Interactive (music) systems¶

A young, white man is sitting at a white desk. In front of him is a light grey DECstation 5000/200 computer and a black microphone. A simple melody plays. He begins tapping out a rhythm on the desk with his hands. As he modifies his tempo, the system responds. He is improvising. The machine is listening.

Is the man playing the computer - like an instrument? Or is he playing with the computer - as in a duet? Is he even playing at all?

The man appears slightly bored, pretending not to be aware of his own performance, exploring the limited freedom offered to him by the machine, which tirelessly repeats the melody again and again, infinitely. We are watching a breakthrough moment in human-computer interaction: the computer is doing what the man wants. But still, the man can only want what the machine can do.

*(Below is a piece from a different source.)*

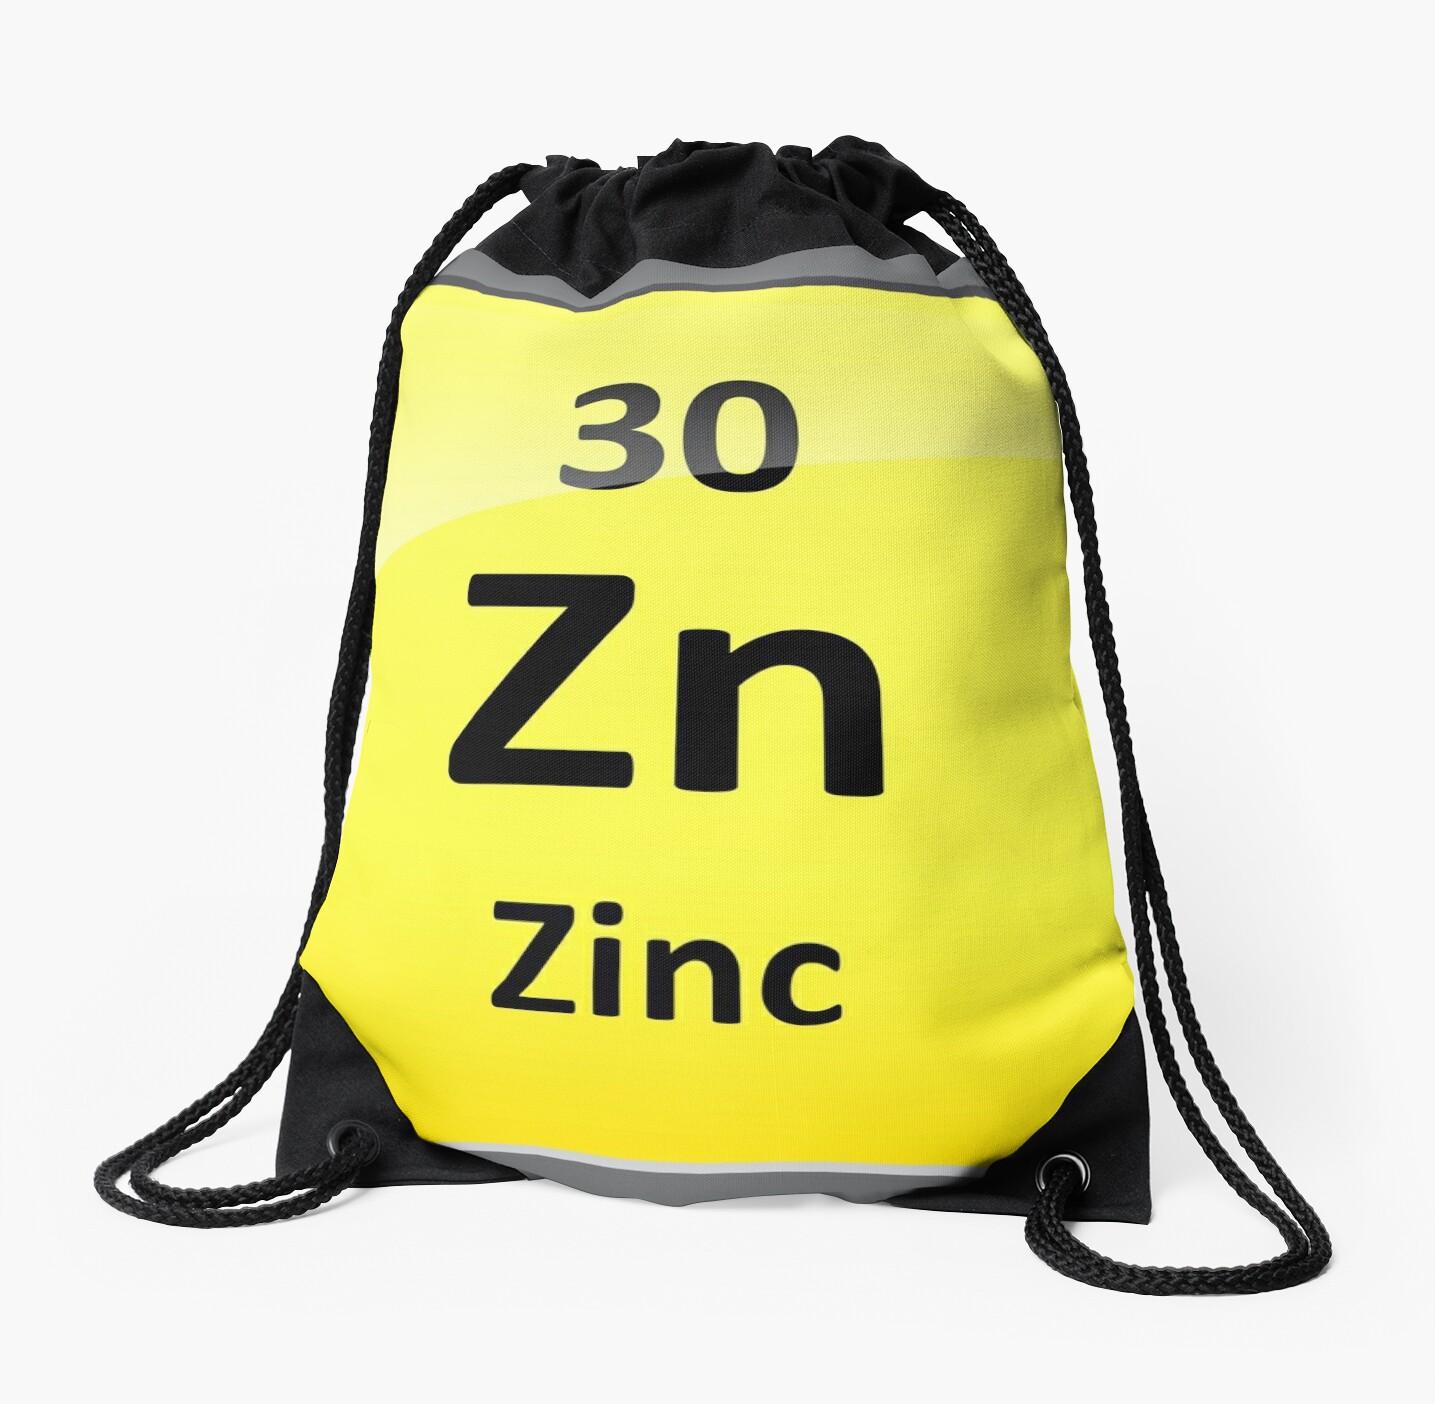 Mochilas de cuerdas smbolo del elemento de zinc tabla peridica smbolo del elemento de zinc tabla peridica de sciencenotes urtaz Images

The fantasy of easy, natural interface between man and a computer is captured in a diagram by Andrey Yershov in 1964 titled the ‘director agent model of interaction’. The man is meant to be in charge. But www⁄look at the diagram. We can start anywhere we like. Information cycles around and around, in a constant state of transformation from sound to voltage to colored light to wet synapses. All of these possibilities are contained in the schematic figure of the arrow. Which is the director here? And which the agent? The diagram itself cycled between the pages of different publications, including The Architecture Machine, a 1970 book by Nicholas Negroponte.¹ Negroponte had set up the Architecture Machine Group at MIT in 1967, which eventually led to his creation of the www⁄MIT Media Lab.

A state of the art, light grey machine is sitting on a white desk. A camera is pointed at it, focused on it. The camera zooms out to reveal a young, white man. Why are we seeing this moment? Why is the camera there to witness it? Judging by the DECstation, the year is probably 1992 or 1993, the location is definitely the MIT Media Lab, and we are looking through a small window into the “demo or die” culture that Negroponte famously instigated there. Demos could excite the general public and impress important visitors. They could attract corporate and government money. The colossal “machine listening” apparatus that we know today has its roots in thousands of demos like this one.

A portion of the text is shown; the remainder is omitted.